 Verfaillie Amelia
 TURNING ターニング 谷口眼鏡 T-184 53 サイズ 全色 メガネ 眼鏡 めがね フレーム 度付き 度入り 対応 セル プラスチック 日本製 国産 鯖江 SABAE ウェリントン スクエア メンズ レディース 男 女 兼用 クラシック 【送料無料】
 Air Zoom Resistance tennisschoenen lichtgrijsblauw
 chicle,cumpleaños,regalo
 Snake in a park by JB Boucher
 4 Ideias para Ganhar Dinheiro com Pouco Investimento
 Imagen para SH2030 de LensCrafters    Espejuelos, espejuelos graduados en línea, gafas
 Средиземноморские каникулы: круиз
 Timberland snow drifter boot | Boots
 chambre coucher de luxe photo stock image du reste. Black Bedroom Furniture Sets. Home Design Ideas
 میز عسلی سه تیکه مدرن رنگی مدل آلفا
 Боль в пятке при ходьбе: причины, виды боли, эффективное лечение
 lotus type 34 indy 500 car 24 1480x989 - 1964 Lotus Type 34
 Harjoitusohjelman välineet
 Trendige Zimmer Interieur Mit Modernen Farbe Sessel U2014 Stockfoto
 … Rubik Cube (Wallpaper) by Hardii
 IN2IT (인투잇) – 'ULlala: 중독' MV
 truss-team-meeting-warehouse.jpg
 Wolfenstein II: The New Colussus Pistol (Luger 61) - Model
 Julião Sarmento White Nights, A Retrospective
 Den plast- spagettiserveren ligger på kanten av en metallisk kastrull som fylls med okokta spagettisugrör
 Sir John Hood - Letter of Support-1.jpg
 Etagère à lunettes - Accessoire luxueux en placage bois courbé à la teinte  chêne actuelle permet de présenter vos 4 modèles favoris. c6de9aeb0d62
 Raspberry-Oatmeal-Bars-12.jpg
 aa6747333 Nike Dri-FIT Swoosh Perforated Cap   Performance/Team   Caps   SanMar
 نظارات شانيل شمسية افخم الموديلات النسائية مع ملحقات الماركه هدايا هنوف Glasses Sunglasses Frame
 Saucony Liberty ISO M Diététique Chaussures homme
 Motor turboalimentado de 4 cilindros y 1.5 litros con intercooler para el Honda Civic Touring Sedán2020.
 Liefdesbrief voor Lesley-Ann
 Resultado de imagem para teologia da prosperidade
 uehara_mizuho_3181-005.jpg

..............................

**What you should do**
Set down exactly the lines of the listing above, from the line holding "Liefdesbrief voor Lesley-Ann" through its last line, with nothing added.

**Reply to the task**
 Liefdesbrief voor Lesley-Ann
 Resultado de imagem para teologia da prosperidade
 uehara_mizuho_3181-005.jpg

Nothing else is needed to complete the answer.